*SUPPLIED INFORMATION*.

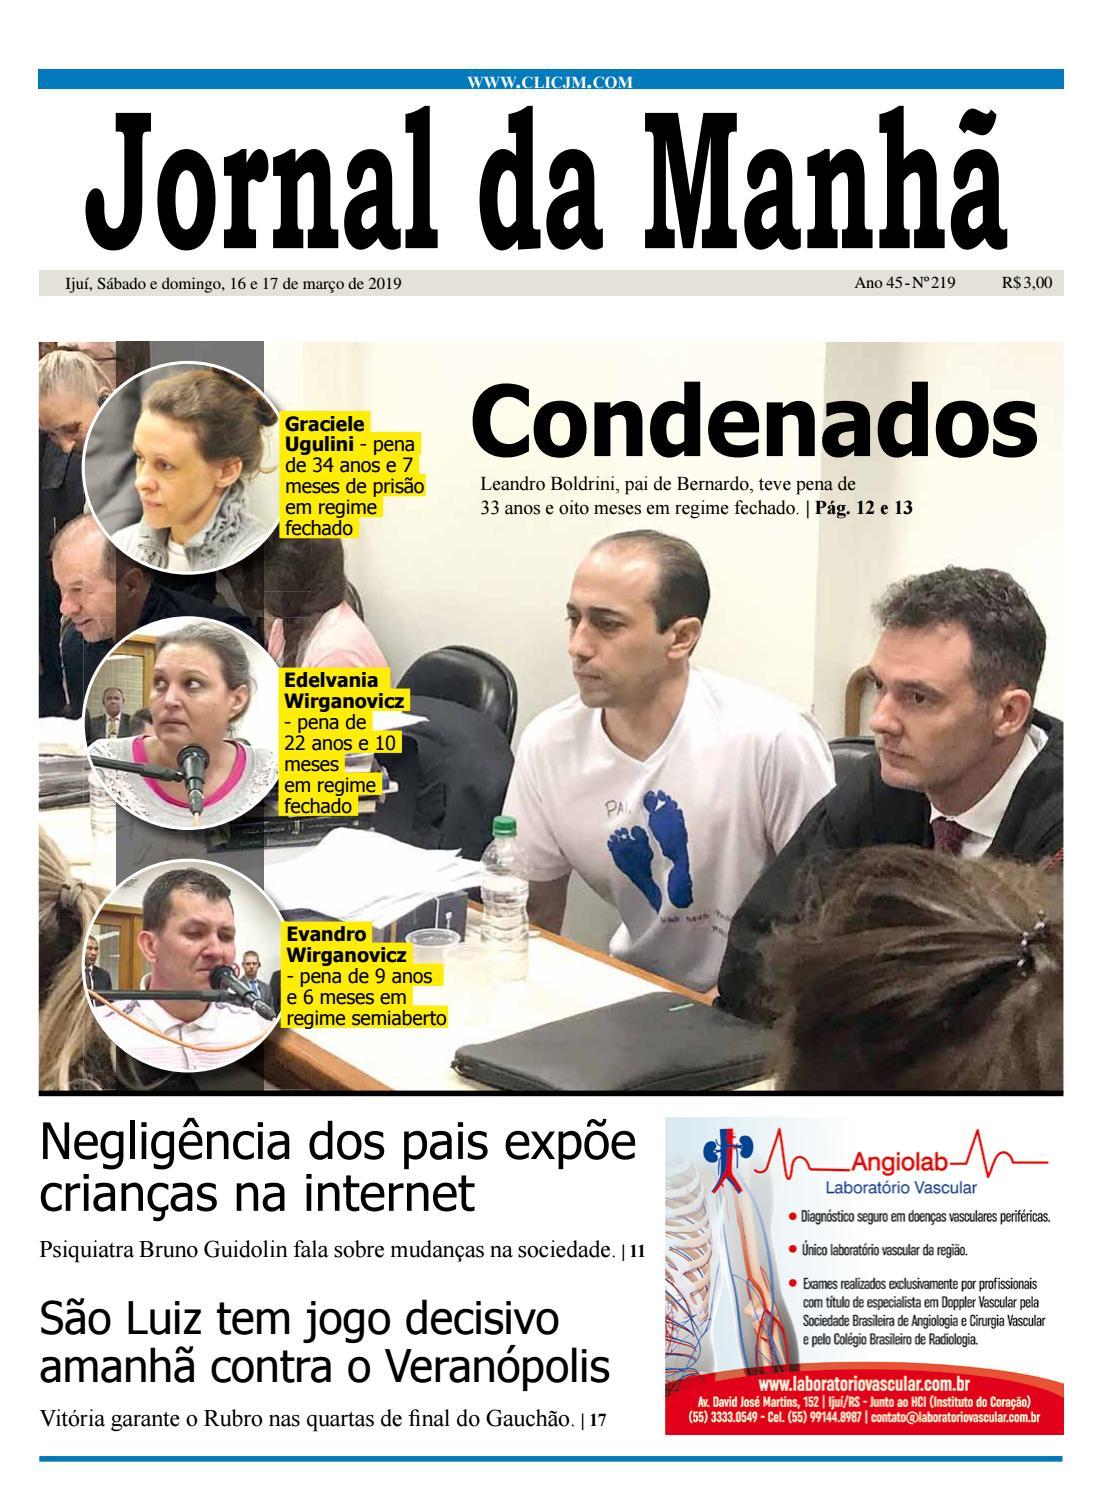 Jornal Da Manhã Sábado 16 03 2019 By Clicjm Issuu
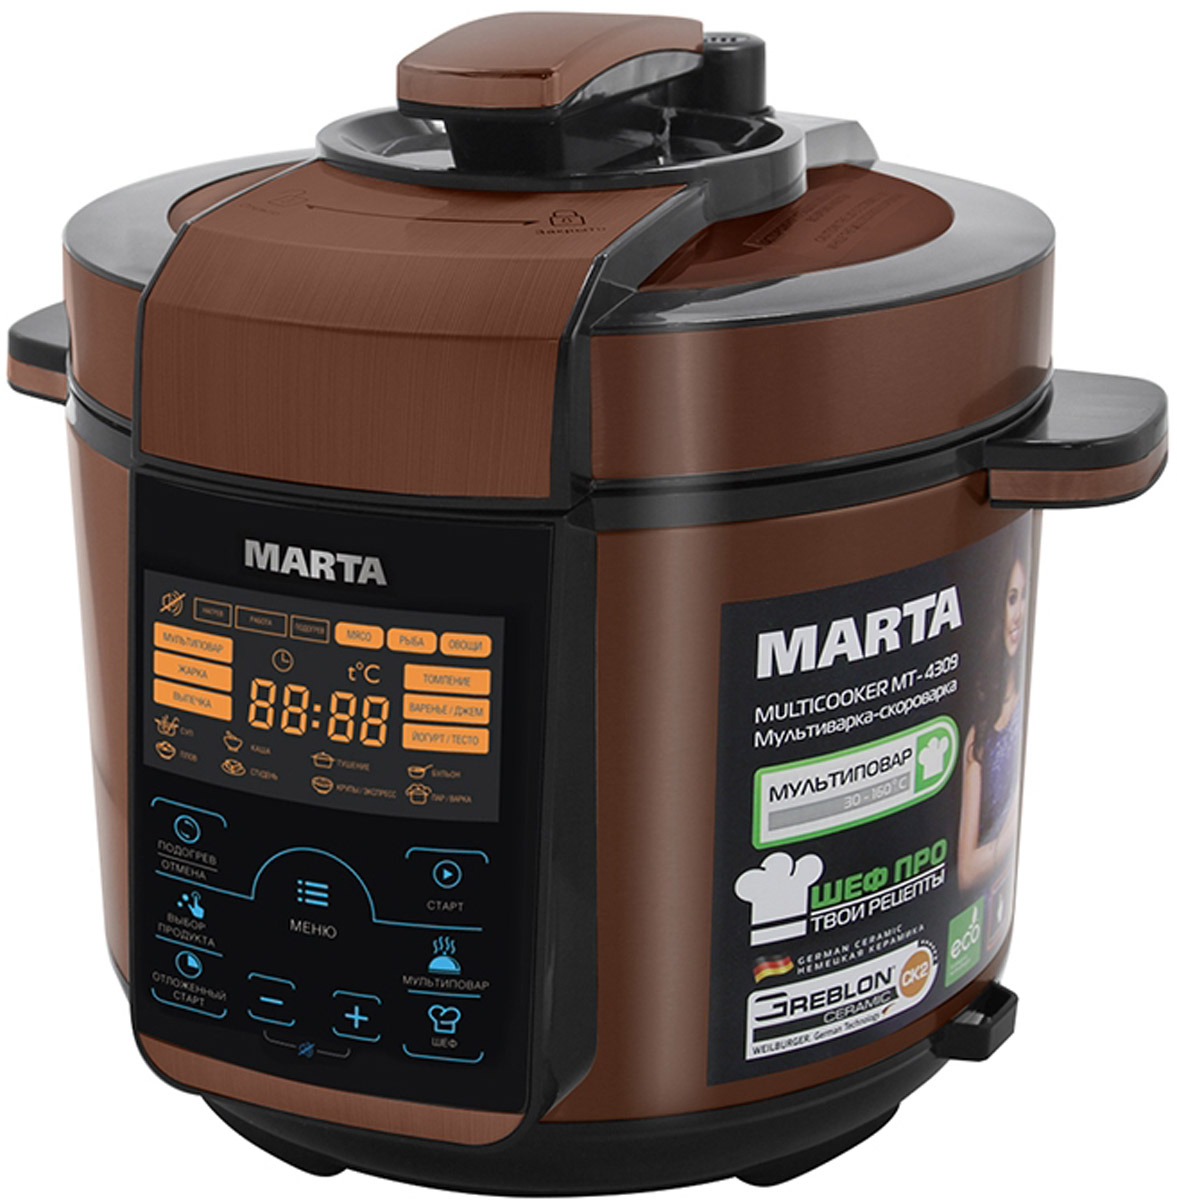 Marta MT-4309, Black Cooper мультиваркаMT-4309MARTA представляет новую уникальную мультиварку-скороварку, обладающую совершенным дизайном и всеми возможными функциями. Это настоящий прибор 2 в 1 - мультиварка и скороварка! Он позволяет готовить с давлением и без давления.МАRТА МТ-4309 комплектуется толстостенной чашей с немецким керамическим покрытием GREBLON CK2. Главной особенностью модели МАRТА МТ-4309 является то, что это универсальное устройство, которое совмещает функции мультиварки и скороварки. В ней есть программы, которые используют технологию приготовления пищи под давлением, а есть программы, присущие простым мультиваркам, в которых приготовление происходит без давления. Ваше блюдо никогда не подгорит, сохранит свой вкус, аромат и витамины. Сенсорное управление позволит с легкостью управляться 45 программами приготовления, из которых 21 - полностью автоматическая: 15 работают в режиме скороварки, а 6 - в режиме мультиварки. Остальные 24 программы настраиваются вручную. А для полного раскрытия кулинарного таланта - программа мультиповар в комбинации с программой ШЕФ и функцией ШЕФ ПРО! Откройте для себя новые кулинарные возможности со скороварками MARTA!
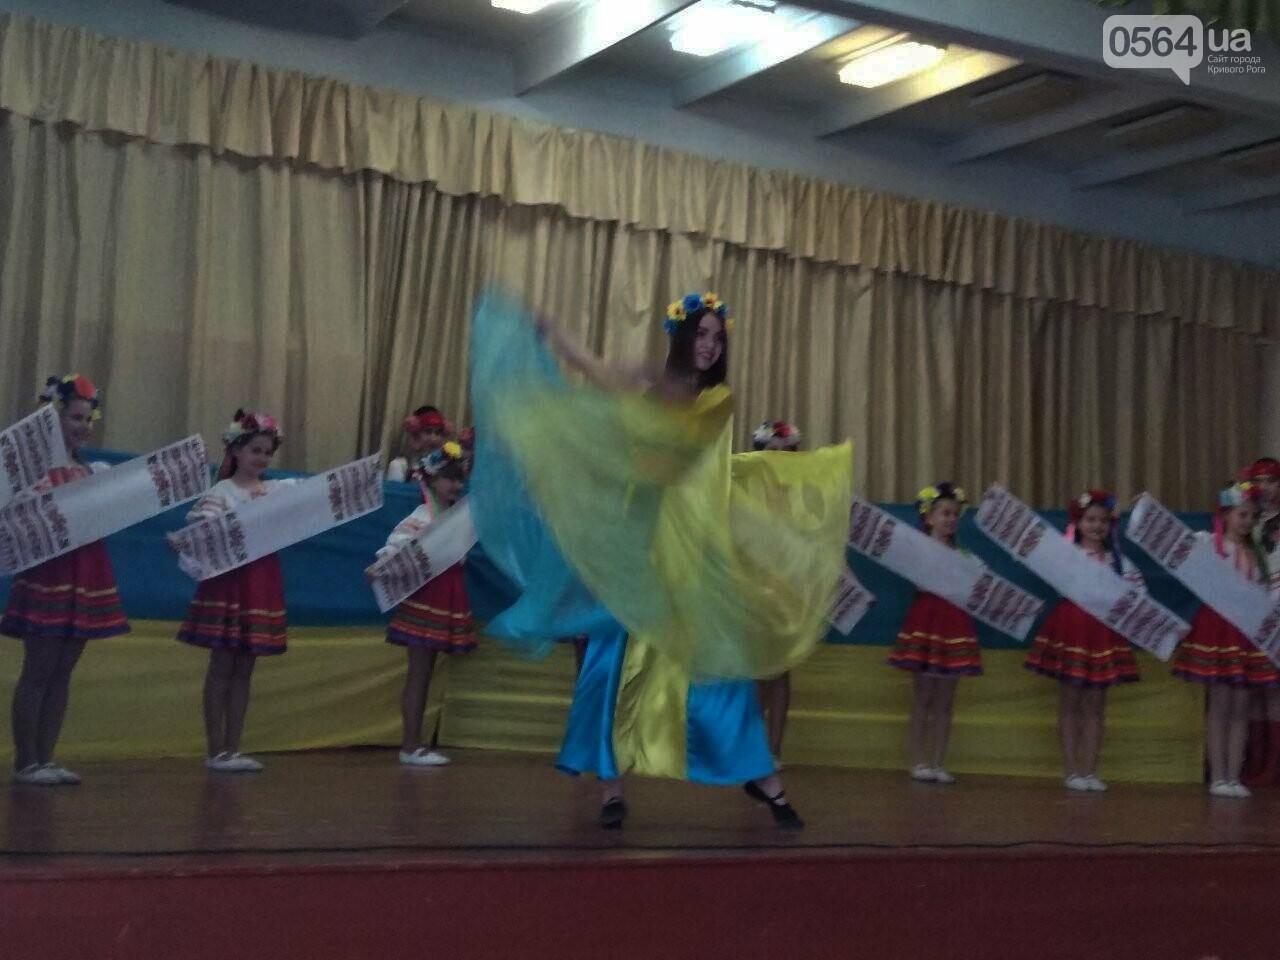 Криворожские школьники провели благотворительный концерт в поддержку бойцов АТО (ФОТО), фото-12
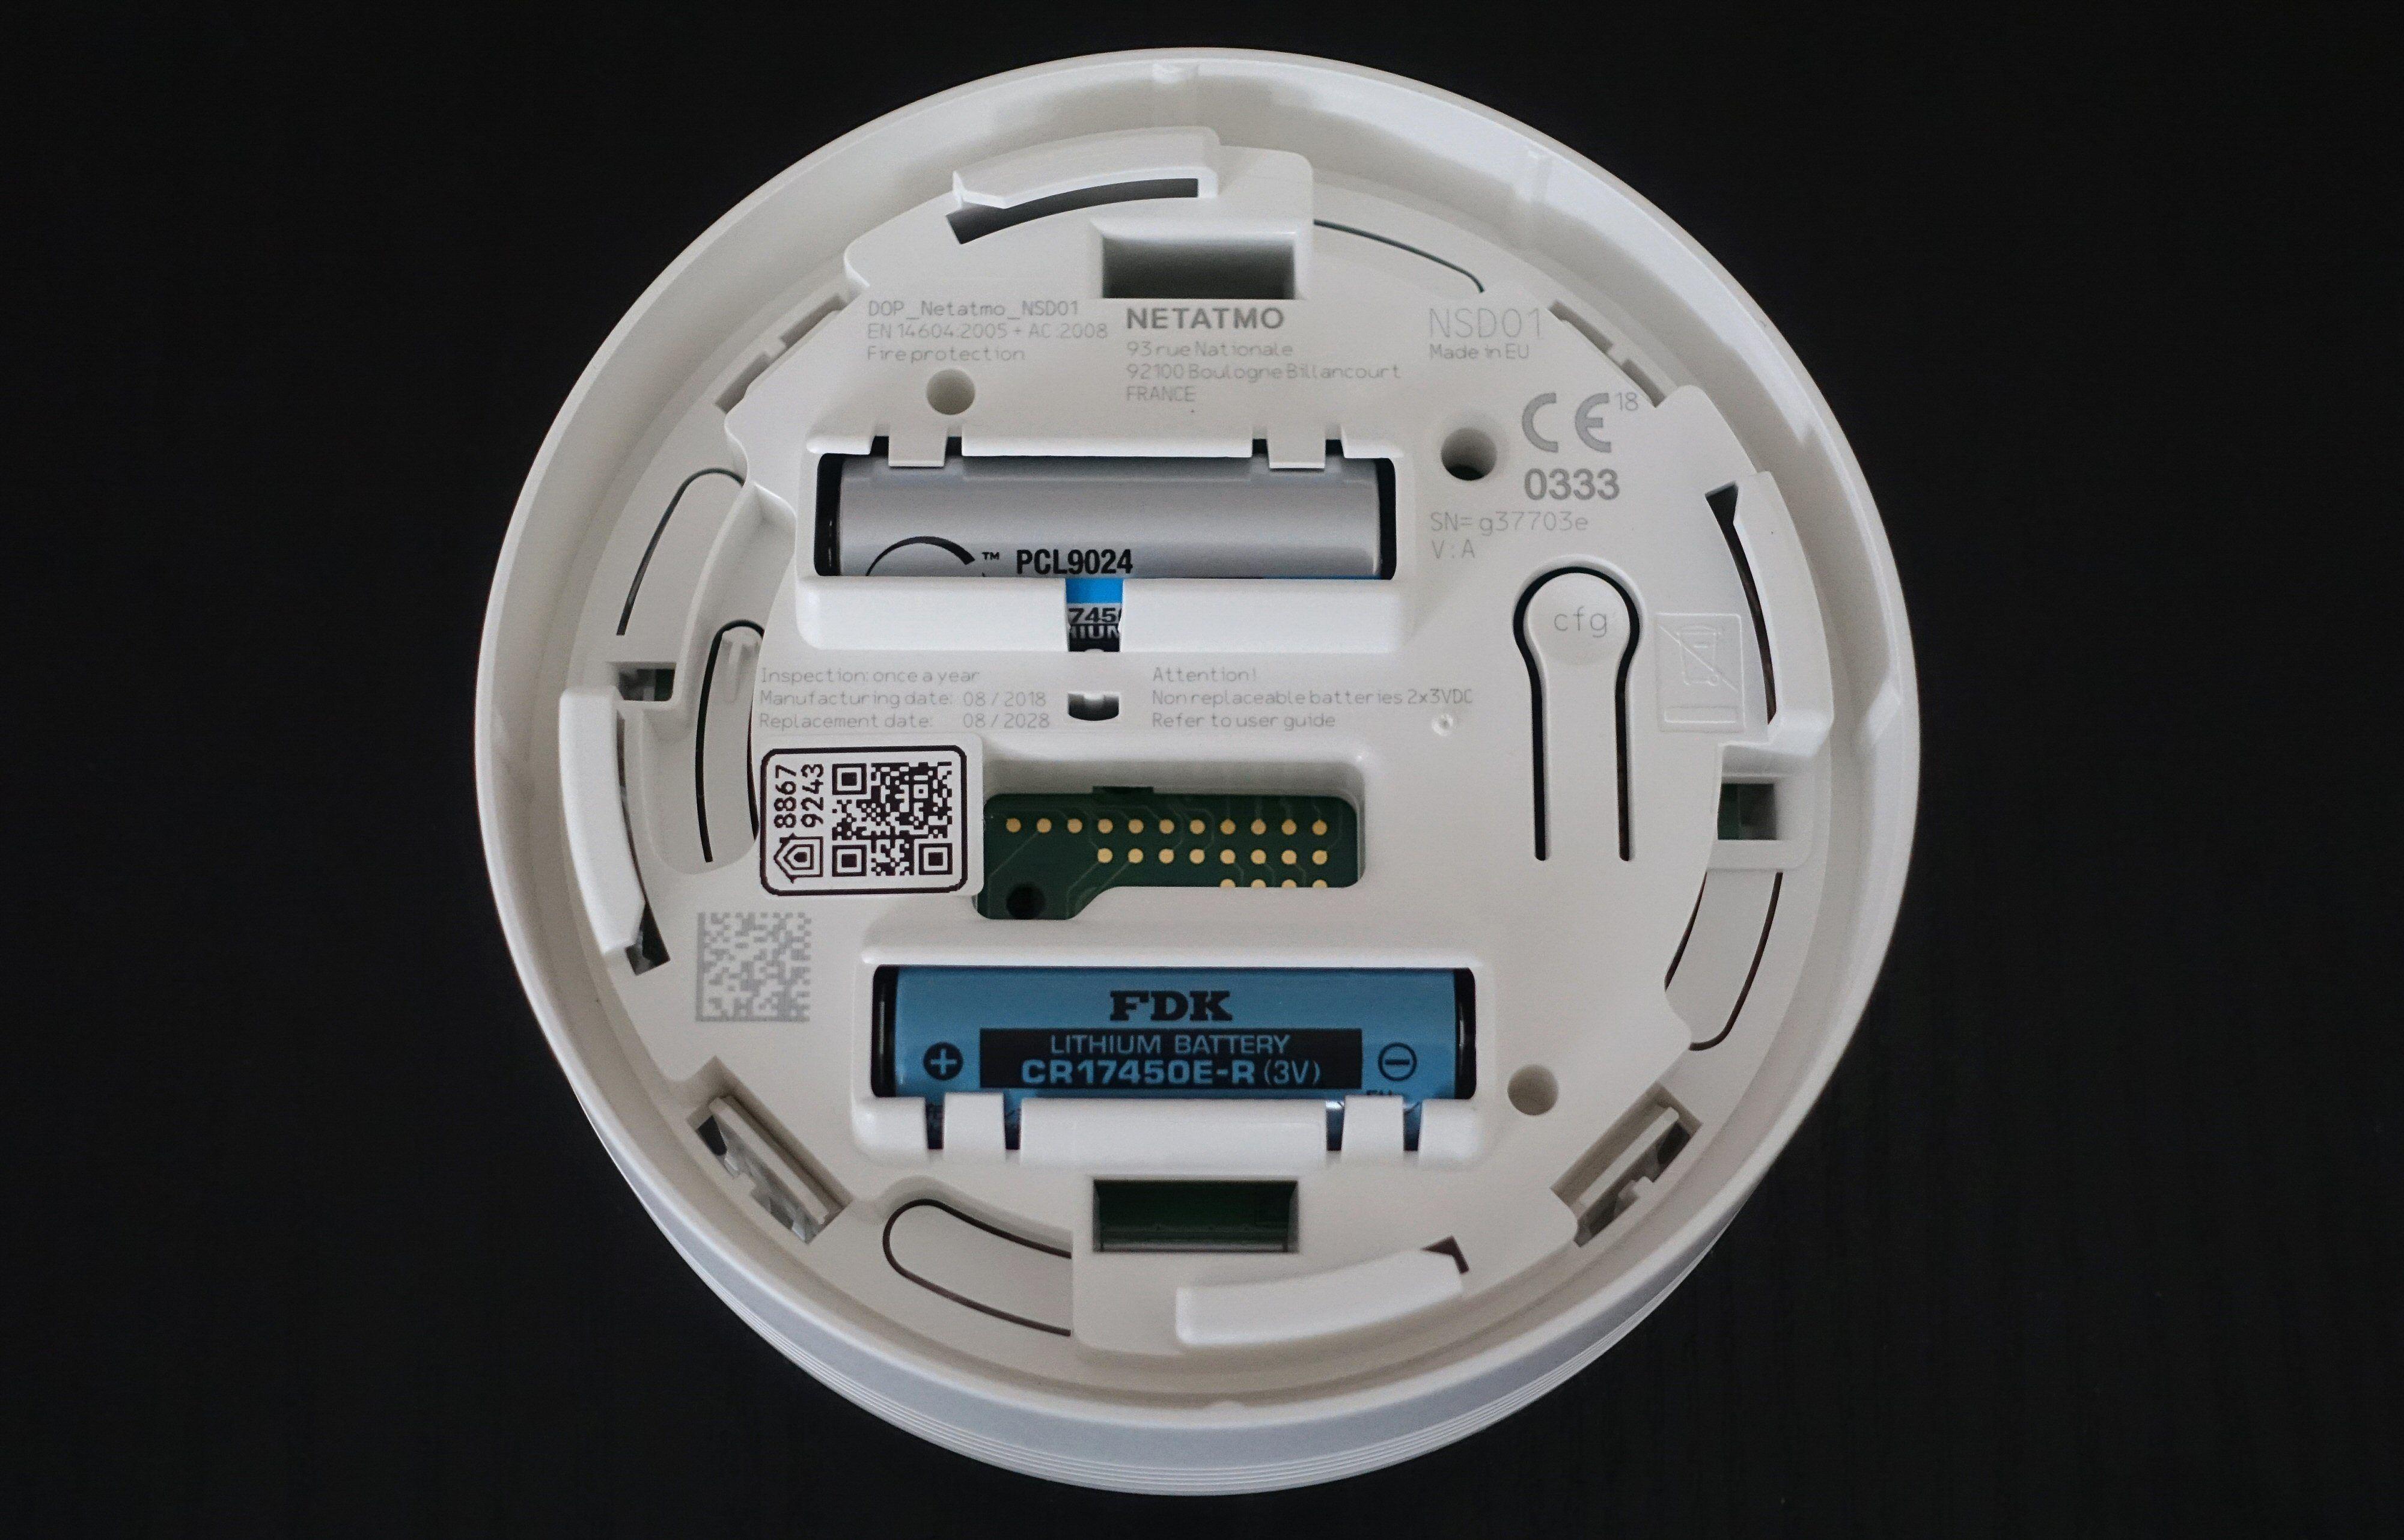 De to batteriene skal holde varsleren i drift i et helt tiår. De er ikke ment å byttes.

*PROBLEM TO SOLVE*.
A word-for-word copy of all the data, without pictures, is the expected output.

*RESULT FOR THIS EXERCISE*.
 Jornal Da Manhã Sábado 16 03 2019 By Clicjm Issuu
 Marta MT-4309, Black Cooper мультиваркаMT-4309MARTA представляет новую уникальную мультиварку-скороварку, обладающую совершенным дизайном и всеми возможными функциями. Это настоящий прибор 2 в 1 - мультиварка и скороварка! Он позволяет готовить с давлением и без давления.МАRТА МТ-4309 комплектуется толстостенной чашей с немецким керамическим покрытием GREBLON CK2. Главной особенностью модели МАRТА МТ-4309 является то, что это универсальное устройство, которое совмещает функции мультиварки и скороварки. В ней есть программы, которые используют технологию приготовления пищи под давлением, а есть программы, присущие простым мультиваркам, в которых приготовление происходит без давления. Ваше блюдо никогда не подгорит, сохранит свой вкус, аромат и витамины. Сенсорное управление позволит с легкостью управляться 45 программами приготовления, из которых 21 - полностью автоматическая: 15 работают в режиме скороварки, а 6 - в режиме мультиварки. Остальные 24 программы настраиваются вручную. А для полного раскрытия кулинарного таланта - программа мультиповар в комбинации с программой ШЕФ и функцией ШЕФ ПРО! Откройте для себя новые кулинарные возможности со скороварками MARTA!
 Криворожские школьники провели благотворительный концерт в поддержку бойцов АТО (ФОТО), фото-12
 De to batteriene skal holde varsleren i drift i et helt tiår. De er ikke ment å byttes.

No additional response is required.